A “fix” isn't a fix until the variants also fail.

SHIPPED

patch_advisor drafts mitigation suggestions and queues them at /queue/patch_review for human apply. Per-finding reproducer payload makes manual re-test trivial.

NEXT

Fix Validator triple: on patch apply, run (a) the exact eval, (b) N mutated variants of the same seed, (c) the full (cat, subcat) category. All three pass = fix validated. Any fail = patch rejected. Phase B.

CUT

Single-test validation. Re-running the exact prompt only proves the fix handles that prompt; mutations are what catch over-fitted patches.

#6

Preventing regressions as the system evolves

The eval bank grows with every confirmed exploit and gates future changes — without becoming a runtime sink.

SHIPPED

Findings + battery_report endpoint give the canonical historical record. /v1/batteries/snapshot lets a battery be re-played on demand.

NEXT

Tiered Eval Suite: smoke (small, every commit), nightly (full), weekly (slow/expensive multi-turn). Retirement policy: evals retire when the target subsystem they probe is rewritten. Phase B → CI integration in Phase D.

CUT

Unbounded eval growth. An ever-growing list becomes a CI bottleneck and noise sink; tiered cadence + retirement keeps it healthy.

#7

Documenting vulnerabilities professionally

A CISO can read the report without asking us to explain it.

SHIPPED

Private Postgres findings table (the secure source of truth). /v1/batteries/report emits a campaign-level markdown summary.
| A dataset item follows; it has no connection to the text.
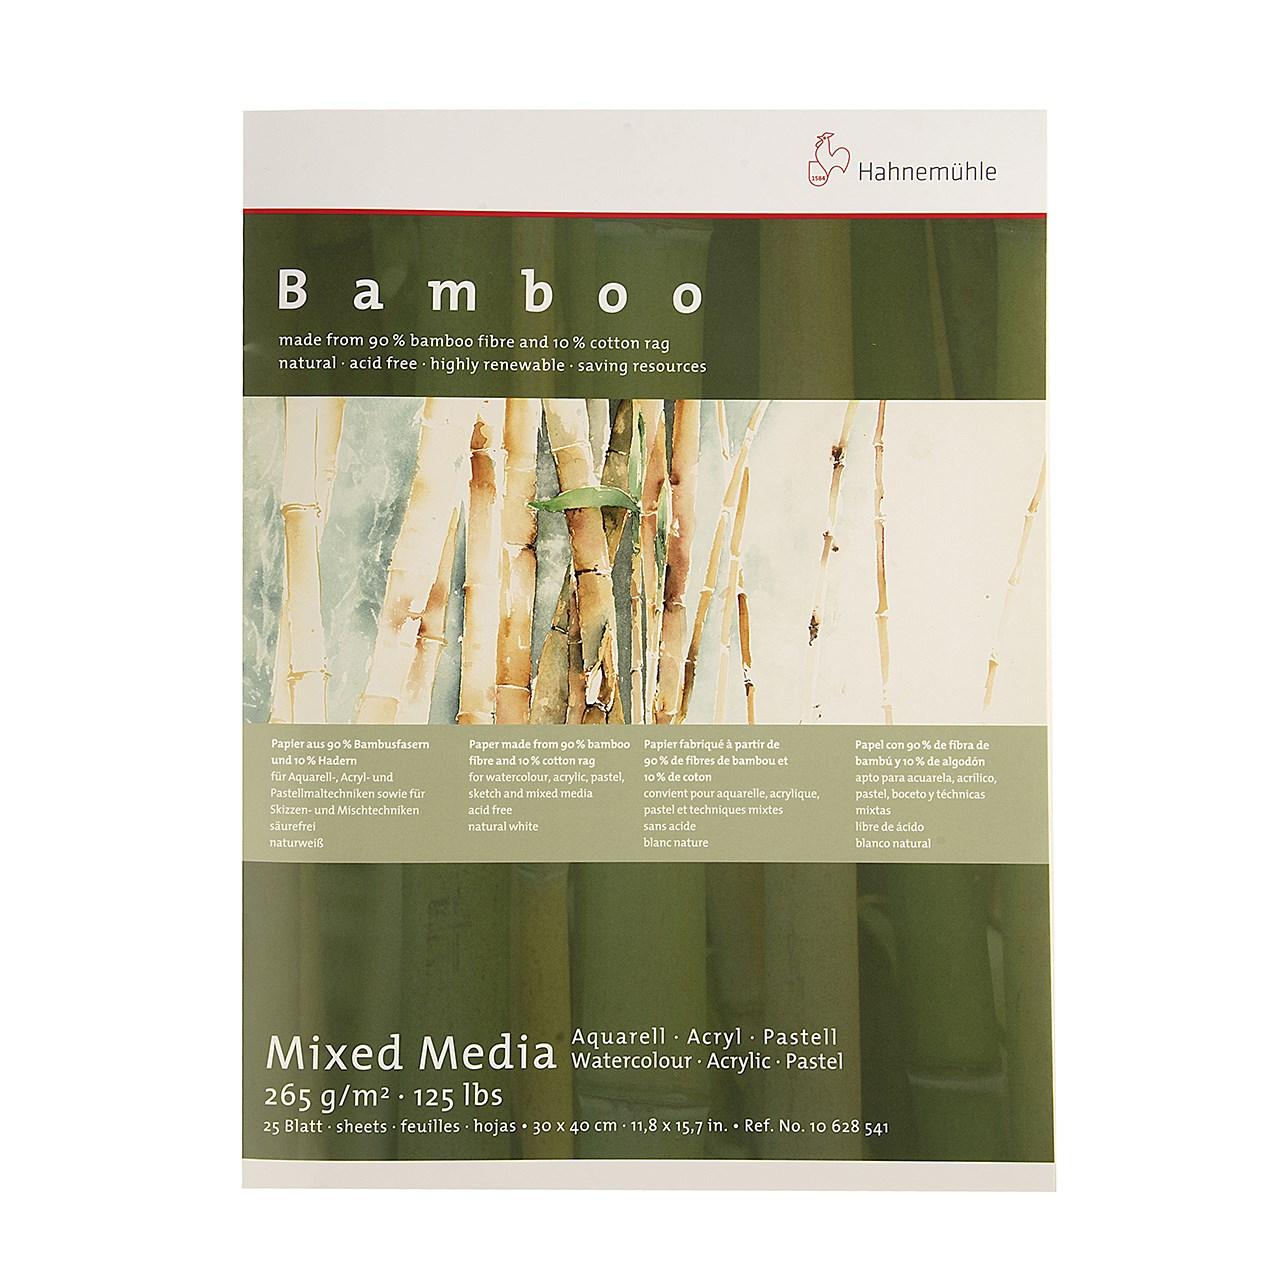 بوم آبرنگ دفترچهای هانه موله مدل Bamboo سایز 40 × 30 سانتیمتر 25 برگ

Plain-English Judge rationale (THIS HAPPENED / EXPECTED / FAILED BECAUSE / LOGGED AS) on every finding.

NEXT

CVE-style per-finding markdown: reproducer steps, impact statement, suggested mitigation, affected components, severity rubric. Surface inside the dashboard's Open Findings drawer. Phase B.

CUT

Public bug tracker / GitHub Issues integration. The findings DB is intentionally private — vulnerabilities surface to the CISO, not the world.

#8

Improving visibility into behavior under adversarial pressure

You can tell at a glance how hard the system is being pushed and where it's starting to crack.

SHIPPED

Coverage Heatmap (test surface), Recent Traces (live attack stream), Open Findings (current exploit list), per-node click-through for raw I/O, full 9-column step table per trace.

NEXT

Two new visibility surfaces in Phase B: (a) Pressure Gauge — attacks/min × rolling success rate as one number, the live stress meter; (b) Defense-Narrowing Diff — subcategories green 24h ago but red now, the live regression flag. Skip a latency-delta gauge until we control target metrics.

CUT

Heatmap-only visibility. Heatmap shows where we tested; it doesn't show how hard the target is sweating right now.